Solution 2: Optimized Solution using Bit-masking
Bit-masking
Bitmasking is a technique employed to impose a mask on a value in order to retain, change, or adjust a specific part of the provided data. This mask serves to determine the bits that should be retained or discarded from a binary number. Through various bitwise operations, bitmasking can be utilized to filter a value and indicate the subsets of a set.
Approach:
We utilize a bitmask to determine the characters that have an odd frequency of appearance. A hashmap is employed to retain previously encountered bitmasks. Post each iteration, we increment hashmap[bitmask] to indicate our recognition of this specific bitmask.
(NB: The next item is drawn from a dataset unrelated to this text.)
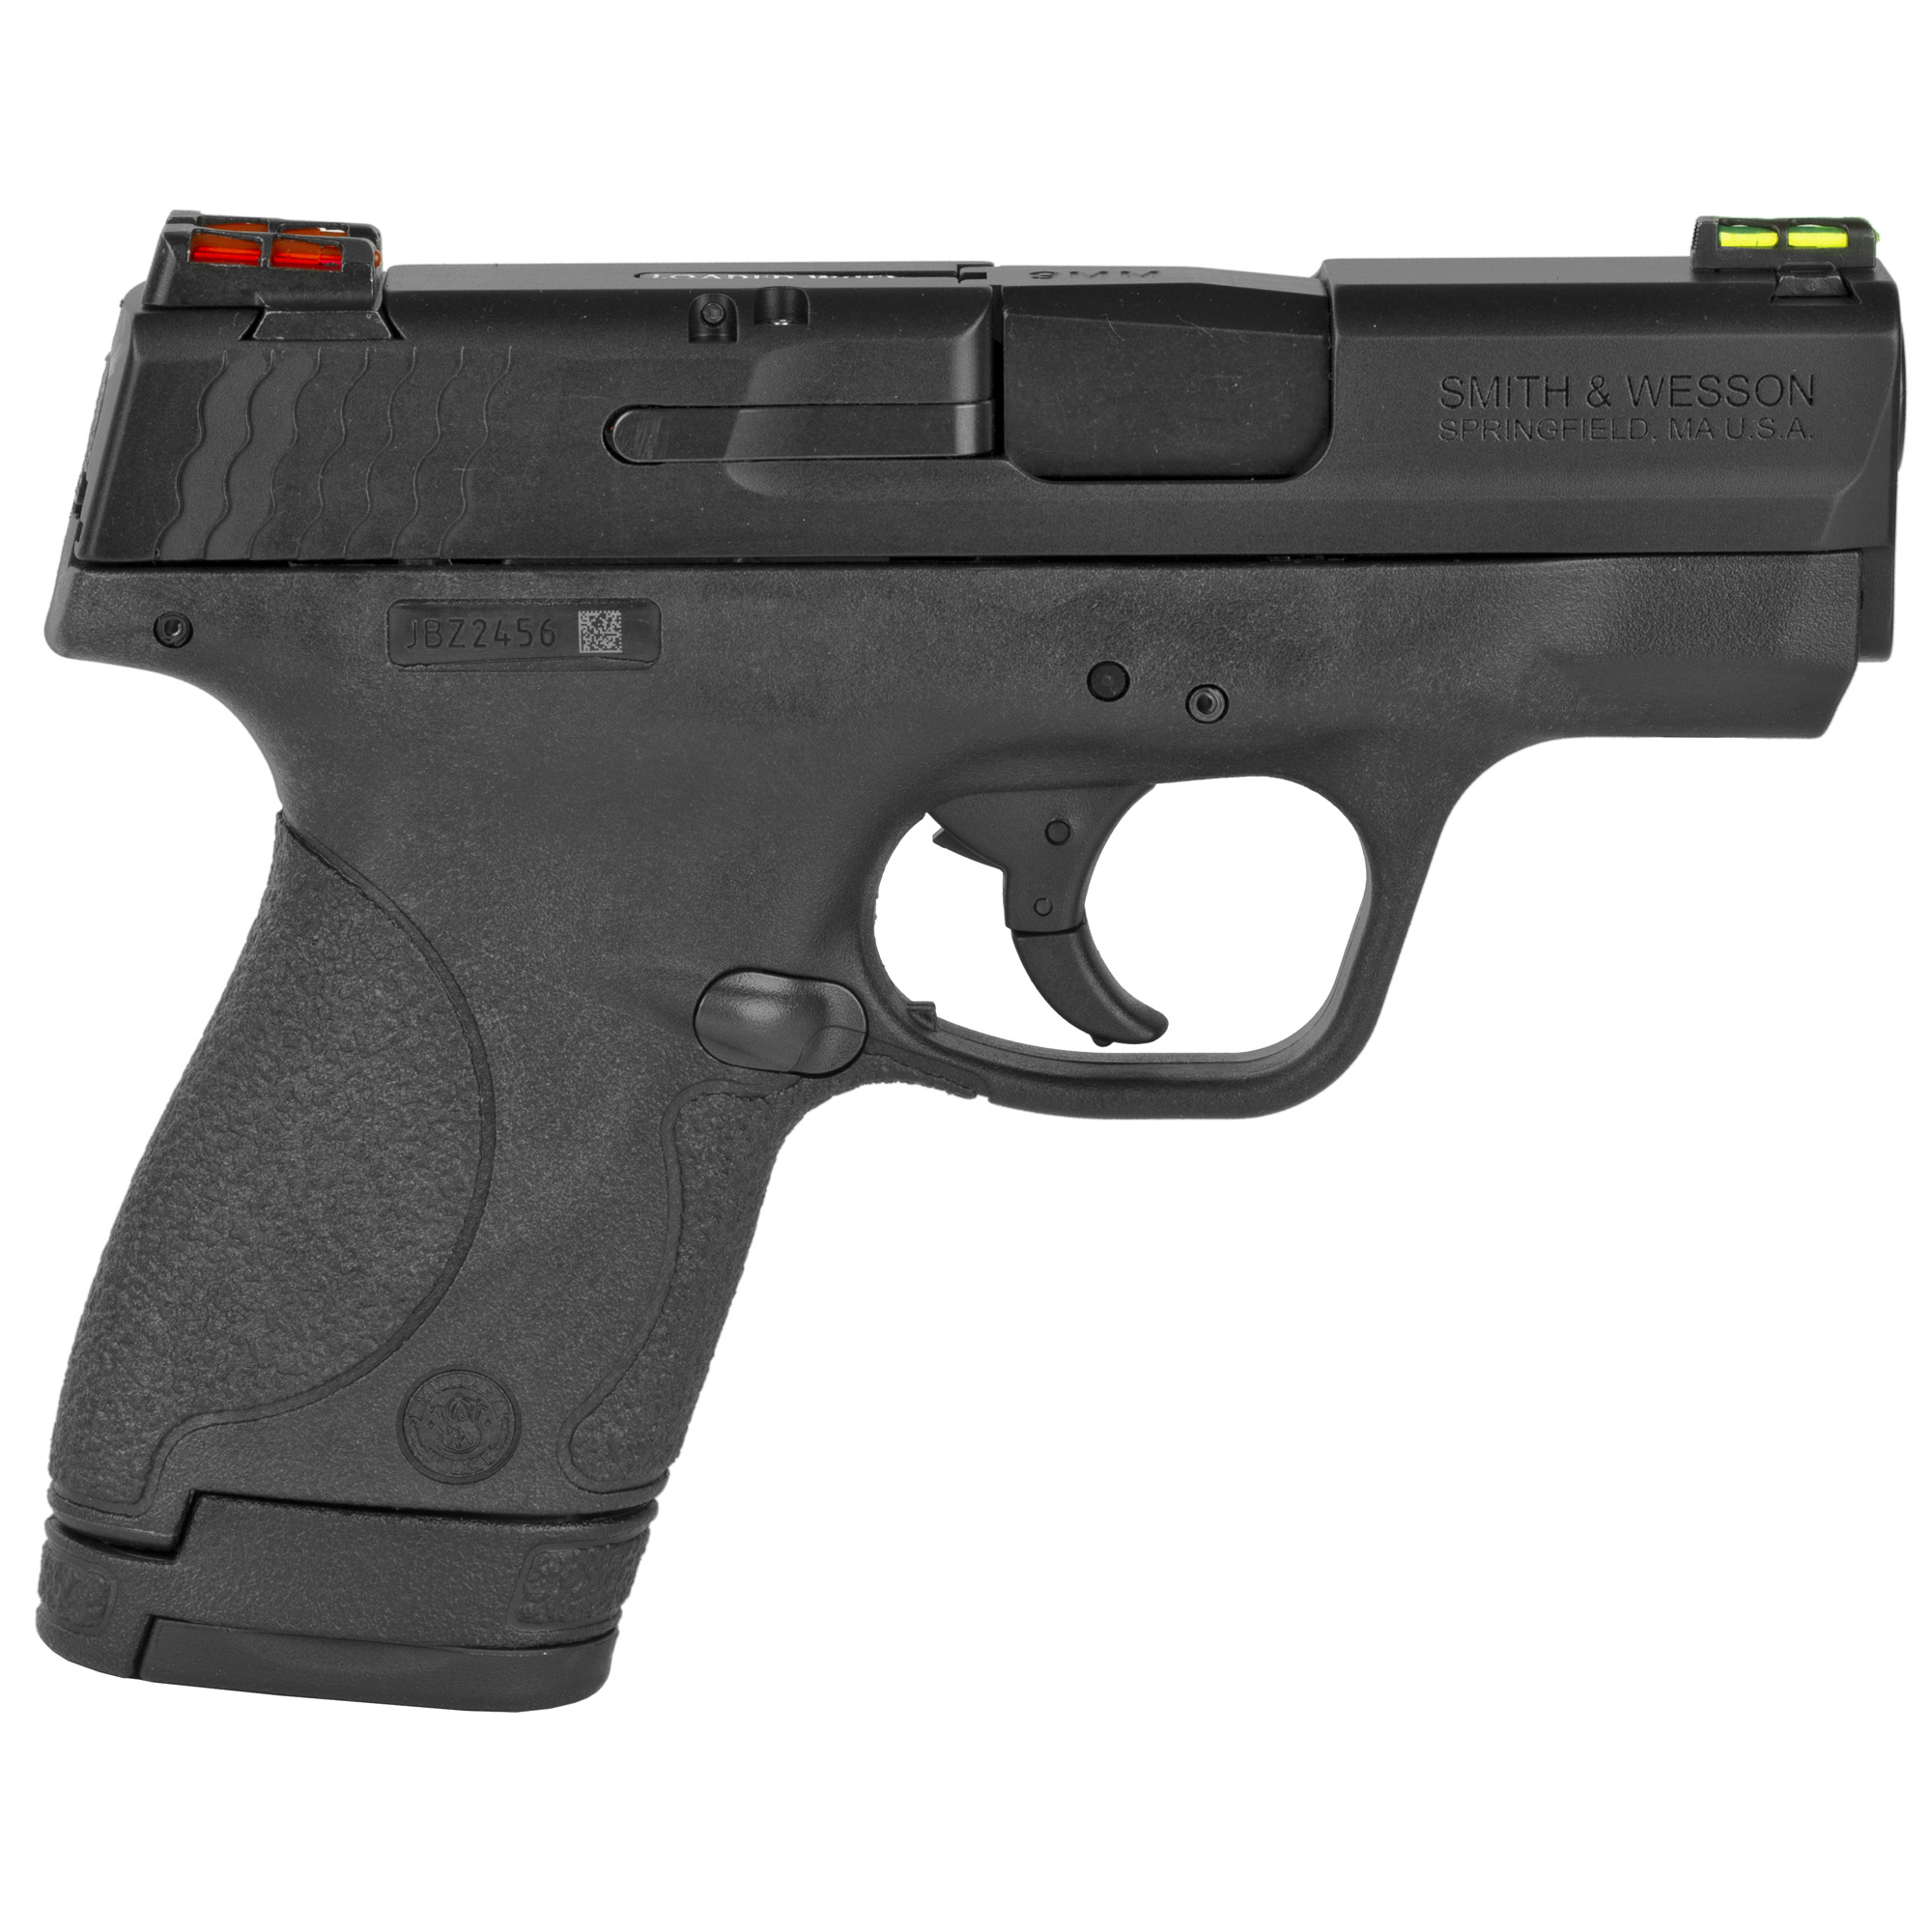 Smith & Wesson, M&P Shield, Striker Fired, Semi-automatic, Polymer Frame Pistol, Micro-Compact, 9MM, 3.1" Barrel, Armornite Finish, Black, HiViz Fiber Optic Sights, Manual Thumb Safety, 2 Magazines, (1) 7-Round and (1) 8-Round

By adding m[mask] to the output, we sum up the substrings with an even count of characters used. For instances where a single character appears an odd number of times, the tally is incremented by adding m[mask^ (1\<j)] to the output.
Example:
#include <bits/stdc++.h>
using namespace std;
int Helper(string s){
unordered_map<int, int> m;
m[0] = 1;
int mask = 0;
int output = 0;
for (int i = 0; i < s.size(); ++i) {
mask ^= (1 << (s[i] - 'a'));
output += m[mask];
for (int j = 0; j < 26; ++j) {
output += m[mask ^ (1 << j)];
}
m[mask]++;
}
return output;
}
int main(){
string s = "ksjssjkk" ;
int output = Helper(s);
cout << "The number of substrings with the frequency of at most one character as Odd is: " << output;
return 0;
}
Output:
Complexity Analysis:
Time complexity:
The time complexity of this algorithm is O(n*26), where 'n' represents the length of the string. Each character in the string is compared against 26 characters for a check.
Space complexity:
O(1): The sole data structure employed was a map, requiring O(26) space, approximately equal to O(1) space complexity.
Conclusion:
Initially, we will utilize a basic technique involving loops to achieve the intended outcome. While this approach is straightforward to understand, it does come with the drawback of demanding a significant amount of processing time for execution. Alternatively, we can assess the algorithm's time complexity more efficiently by utilizing a distinct strategy referred to as bitmasking in conjunction with hashmaps. The utilization of bitmasking in this context was rather unconventional, resulting in a notable reduction of the time complexity from O(n^3) to O(n). This write-up delves into the fundamentals and practical implementation of bitmasking.